L'aspect le plus novateur du livre concerne le plaidoyer pour "une nouvelle gouvernance économique". "La réussite d'une stratégie de croissance, soulignent-ils, implique non seulement une action très volontariste des responsables économiques, sociaux et politiques, mais aussi une adhésion la plus large possible de l'ensemble des citoyens". Cet Etat stratège devra "favoriser des modes plus participatifs d'élaboration des politiques publiques". Il s'agira surtout d'"instituer une véritable dialogue économique entre tous les acteurs, entre tous les partenaires sociaux d'abord, entre les partenaires sociaux et les pouvoirs publics ensuite mais aussi entre les partenaires économiques eux-mêmes".
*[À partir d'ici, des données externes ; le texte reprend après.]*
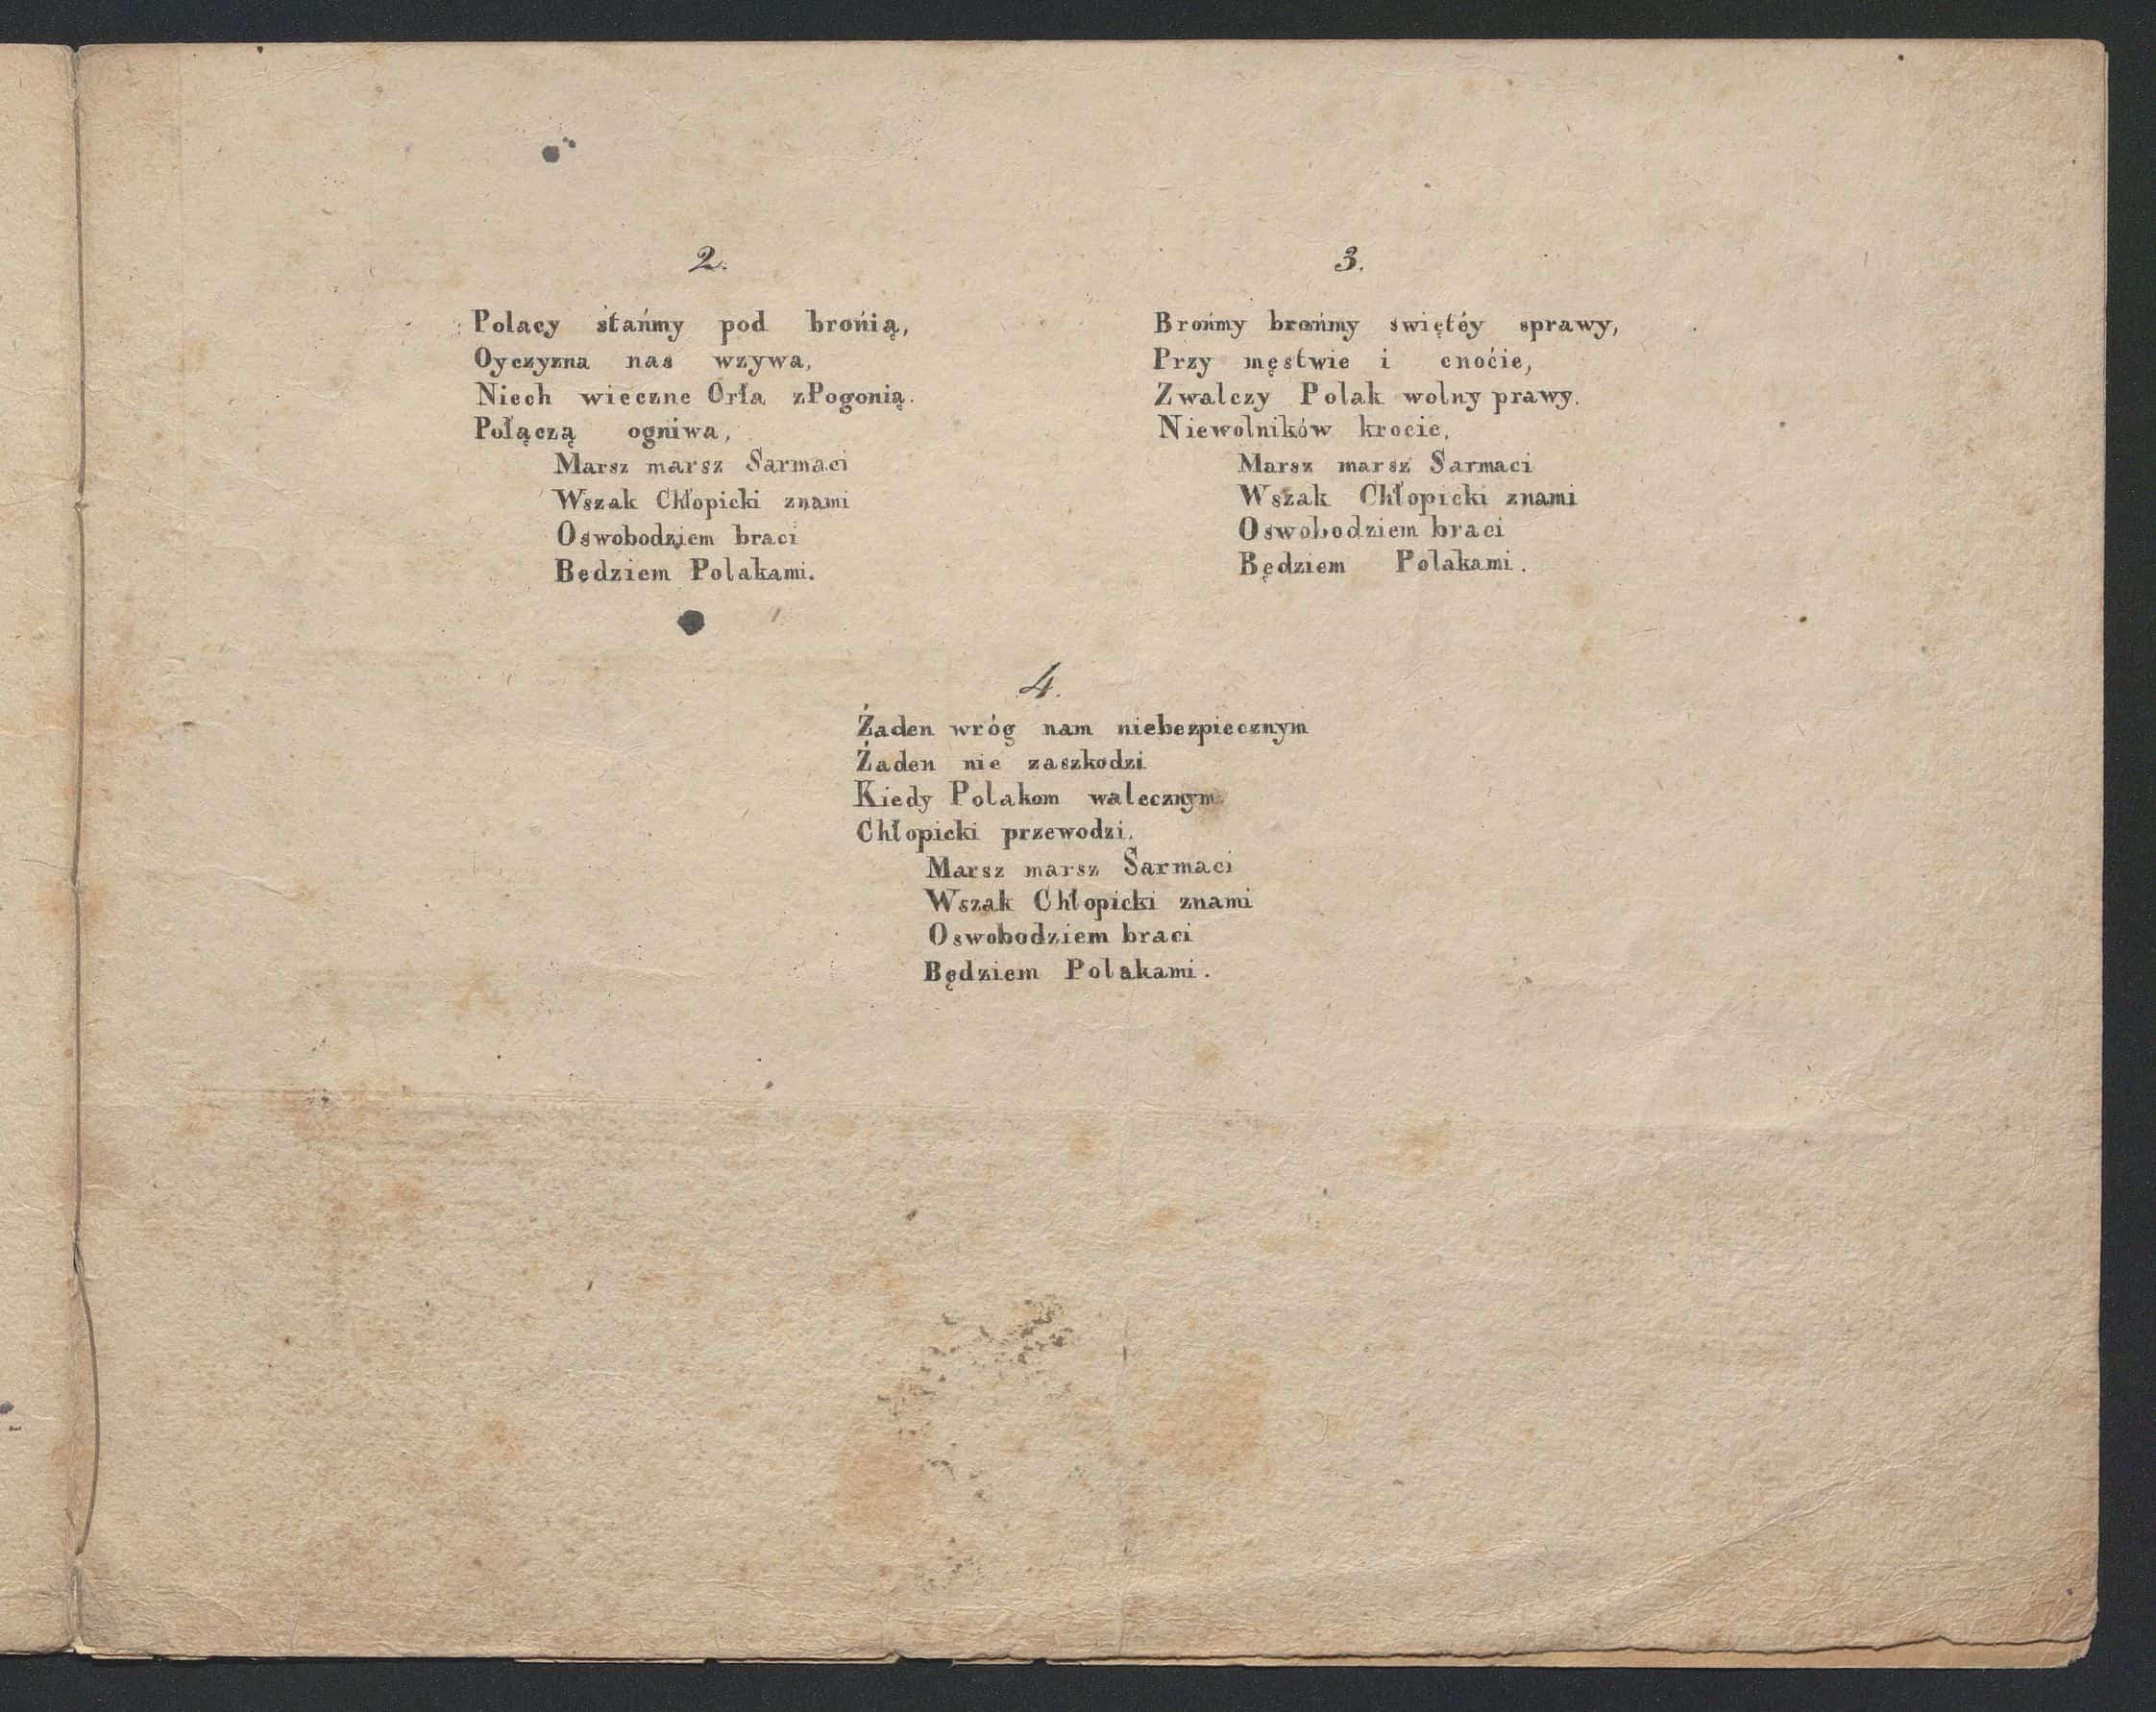 Pieśń narodowa na nutę (Jeszcze Polska nie zginęła) : ofiarowana J. W. J. Chłopickiemu Dyktatorowi. Druk muzyczny z ca 1831 roku. Źródło: Polona

La déclaration commune entre les quatre syndicats membres de la Confédération européenne des syndicats (CES) s'inscrit dans un registre plus classique. Si elle affirme que "les politiques d'austérité font la démonstration de leur inefficacité" et que "l'Europe doit changer de cap", elle reconnaît que "les politiques économiques coordonnées et l'objectif d'assainissement des finances publiques sont nécessaires". Mais elle prévient qu'il est "urgent de mettre fin à des coupes injustes dans les dépenses publiques qui contribuent à augmenter le chômage, les inégalités, la pauvreté, dégradent les services publics et aggravent la récession". La déclaration évoque aussi un "contrat social" pour l'Europe et souligne - même si la CGT et la CFDT n'en ont sans doute pas la même conception - que "le dialogue social doit permettre d'apporter des solutions justes aux problèmes auxquels sont confrontés les salariés". En défendant la croissance durable avec le Medef le mardi et avec la CGT le mercredi, la CFDT s'est livrée à un exercice assez acrobatique. Mais elle a réussi, en apparence, d'un texte à l'autre, à ne pas se mettre en contradiction avec elle-même.